▶ **ABOUT THIS EXERCISE**: Only one stretch of the data below should be repeated: the lines from the line containing "Portable bluetooth speaker factory 2" through the line containing "HRDL aerosol backscatter", inclusive, exactly as they are.

----- AVAILABLE DATA -----

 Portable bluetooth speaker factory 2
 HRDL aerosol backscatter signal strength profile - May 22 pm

-----
----- AVAILABLE DATA -----

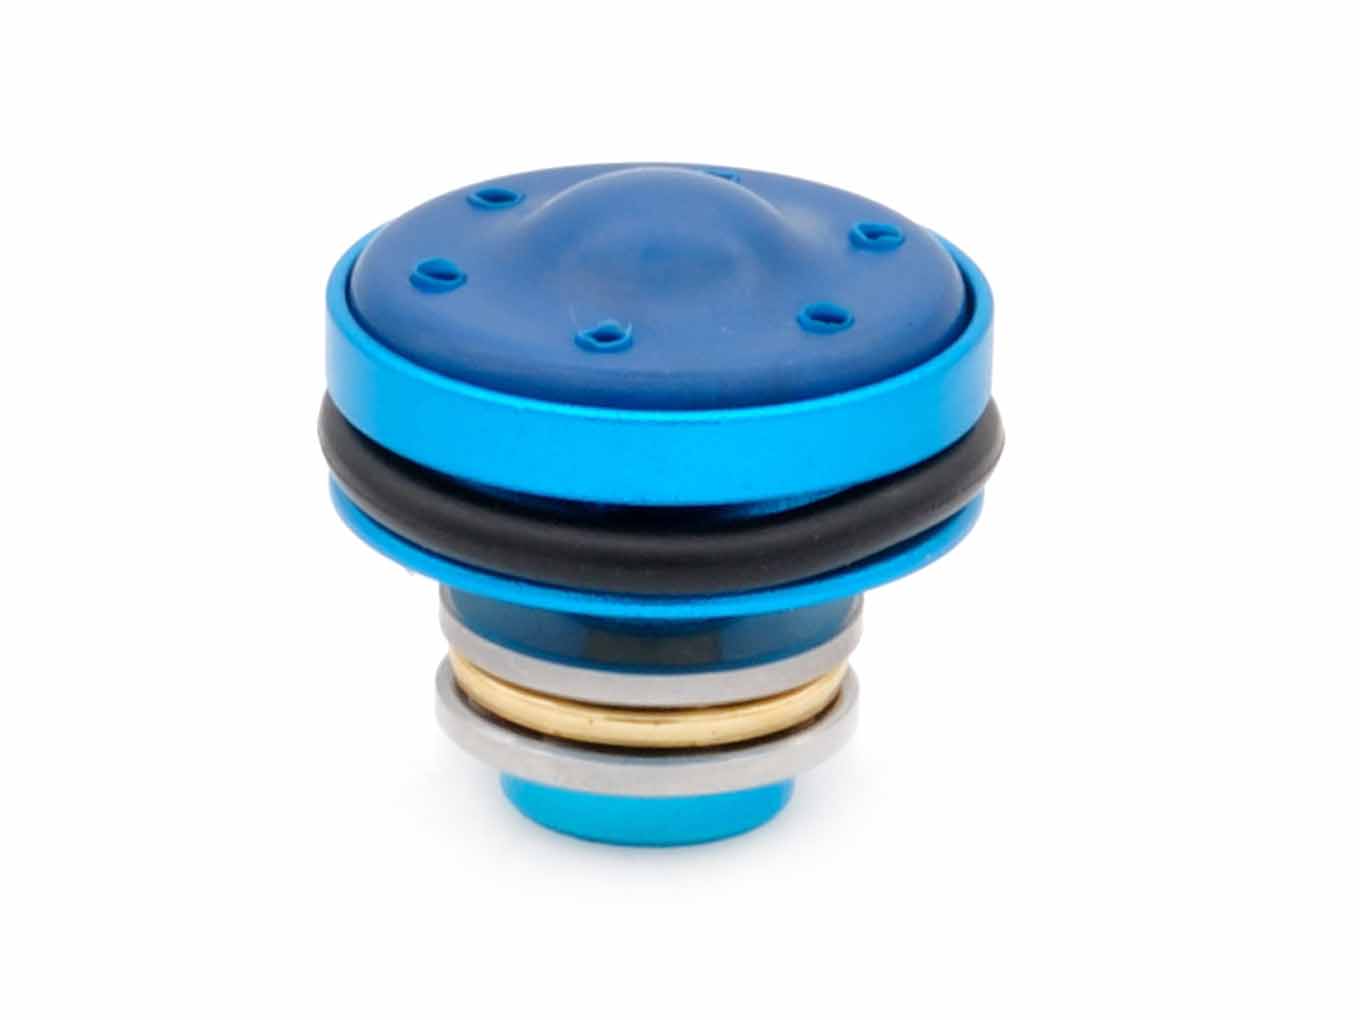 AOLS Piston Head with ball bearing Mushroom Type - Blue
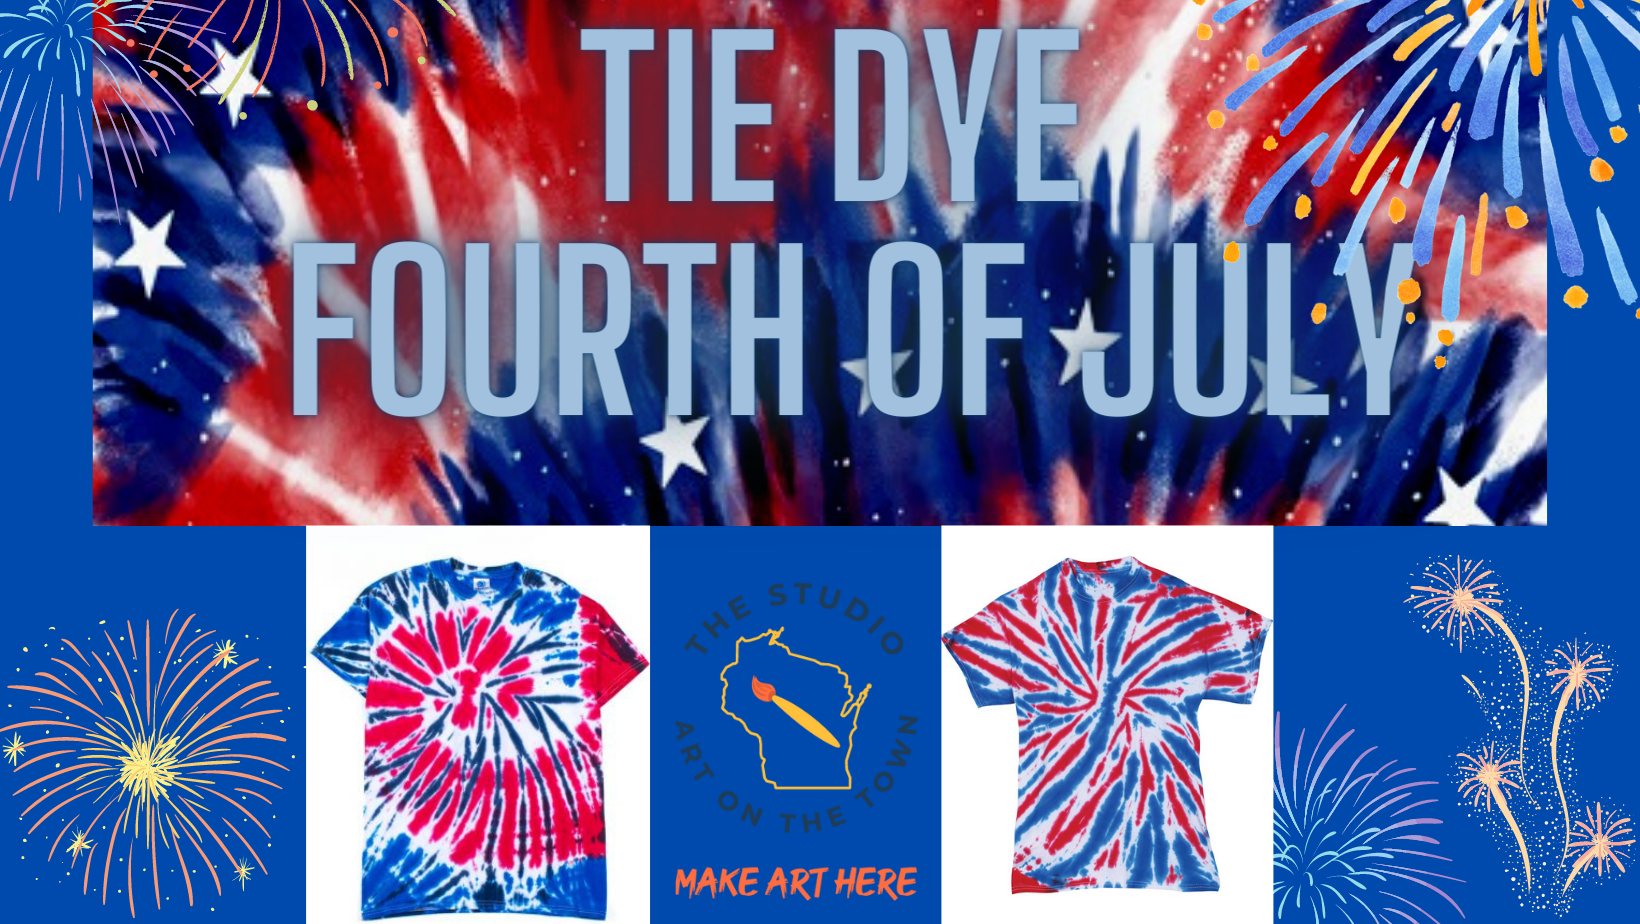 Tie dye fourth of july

-----

▶ **EXERCISE ANSWER**:
 Portable bluetooth speaker factory 2
 HRDL aerosol backscatter signal strength profile - May 22 pm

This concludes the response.